|Laboratory:||Clinical Biochemistry (HSC ONLY - AUTO)|
MACROPROLACTIN - (S)
Test Code: MPLH
Alternate Name(s): Monomeric prolactin
Test Indications: Current Prolactin method is very specific for biologically active monomeric prolactin and macroprolactin investigations are rarely required. Contact Clinical Biochemist to discuss the need for investigations.
Note: Stress during blood collection, many commonly used drugs (see more info below), including oral contraceptives, may cause hyperprolactinemia. Conditions such as kidney disease, primary hypothyroidism, adrenal insufficiency and PCOS have been implicated in increased levels of prolactin. Prolactin can be elevated in a number of physiological states: pregnancy, breast feeding, exercise, sleep, and foods high in proteins.

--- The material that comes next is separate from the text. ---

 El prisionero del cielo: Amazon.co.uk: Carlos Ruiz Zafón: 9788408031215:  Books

Macroprolactin investigation should only be requested on samples with elevated prolactin in asymptomatic patients.
Patient preparation instructions: Multivitamins (45–125 µg biotin) or biotin-only supplements up to 1 mg per day do not interfere with this test. Samples should not be taken from patients receiving therapy with high biotin doses (i.e. >5 mg/day) until at least 8 hours after the last dose.
Serum: 1.0 mL
Collection Information: Preferred sample collection is 3-4 hours after waking (e.g. physiological peak), but any time of collection is acceptable.
Avoid stress during blood collection.
Special Processing: Aliquot serum into two tubes (1.0 mL each).
Ambient: 24 hours
Refrigerated: 7 days
Frozen: 3 months
Shipping & Storage: Store and ship frozen. Send two aliquot tubes (1.0 mL each).

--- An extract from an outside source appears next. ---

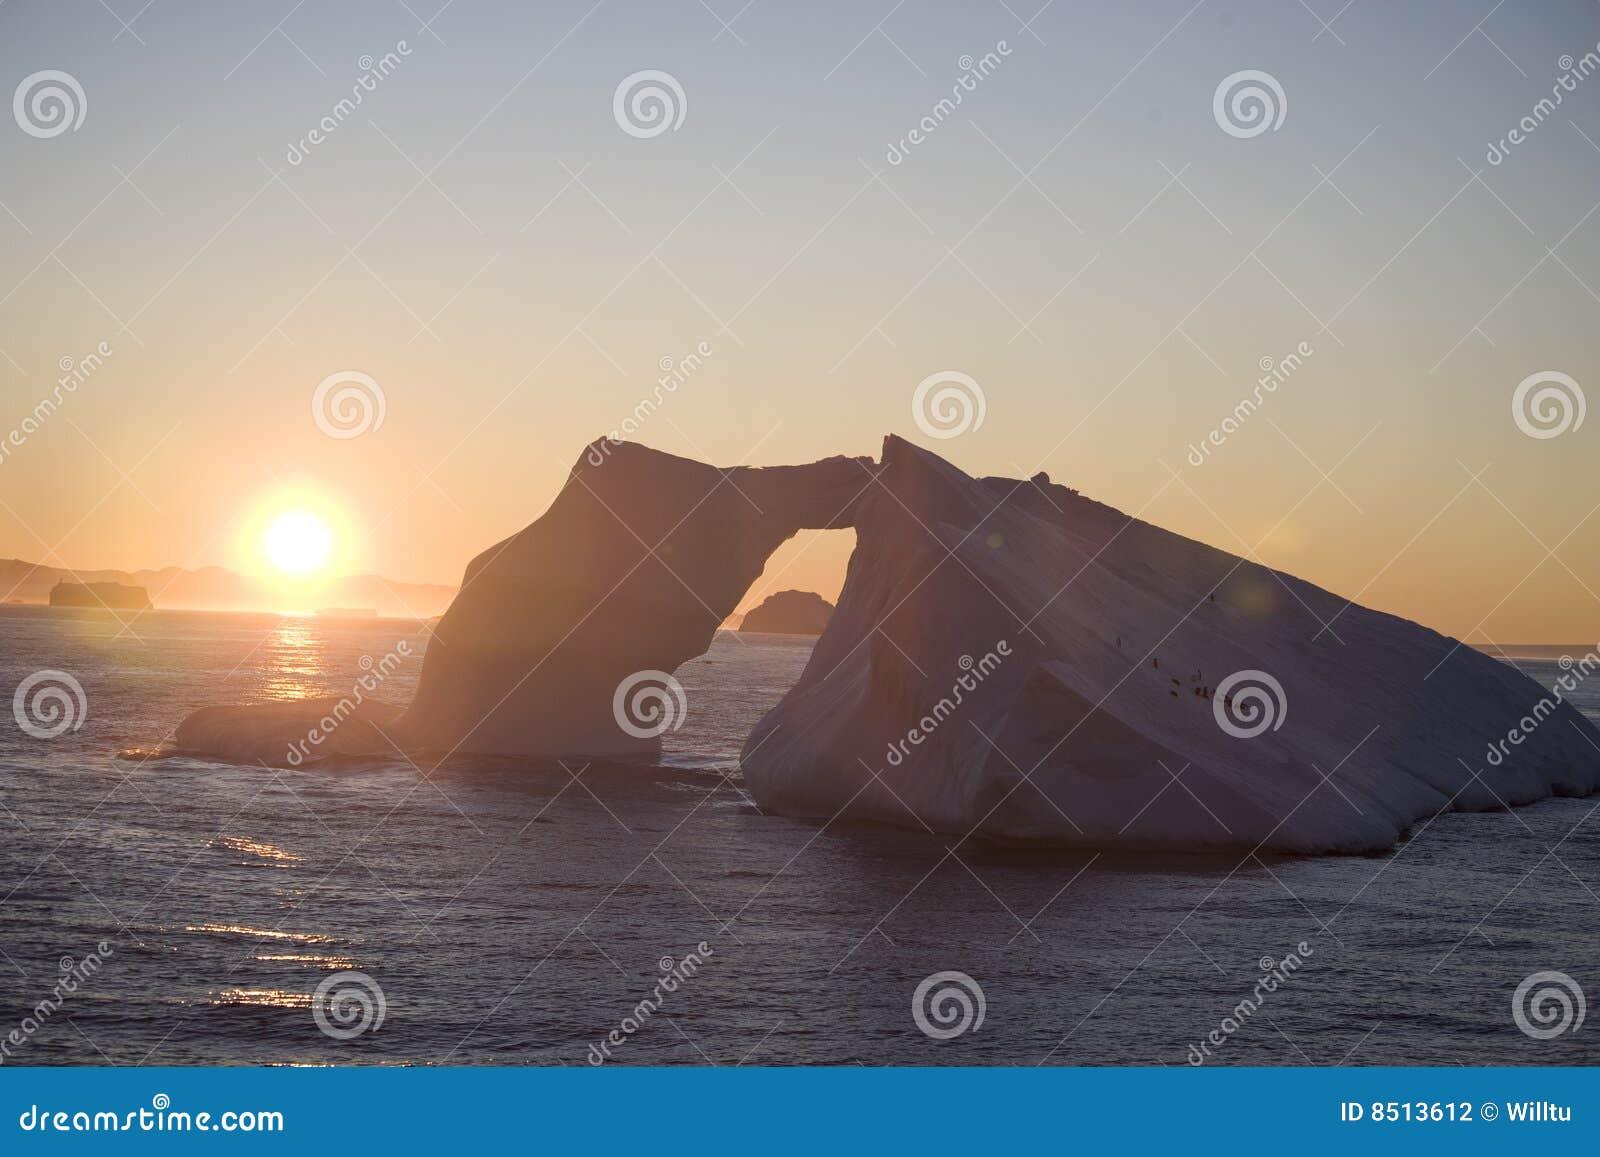 Antarktischer Eisberg am Sonnenuntergang

Referred Out Location: Send specimen to Health Sciences Centre - MS5 for investigation by Clinical Biochemist
Approximately 0-40% of monomeric prolactin is coprecipitated with PEG.
Method of Analysis: Polyethylene glycol (PEG) precipitation pre-treatment, electrochemiluminescence immunoassay (Roche)
By Prior Arrangement Only
Interpretation & Assay Interferences: Presence of macroprolactin does not exclude possibility of pituitary adenoma. Results should be interpreted in the context of clinical findings.
Drugs and medications are the most common cause of non-tumoral hyperprolactinemia. For example, oral contraceptive pill, anesthetics, antihypertensives, antihistamines (H2), anticonvulsants, antidepressants, cholinergic agonists, dopamine receptor blockers, dopamine synthesis inhibitors, etc. The neuroleptics and anti-psychotic drugs can also cause hyperprolactinemia (e.g. 50-100% of patients on respiradone).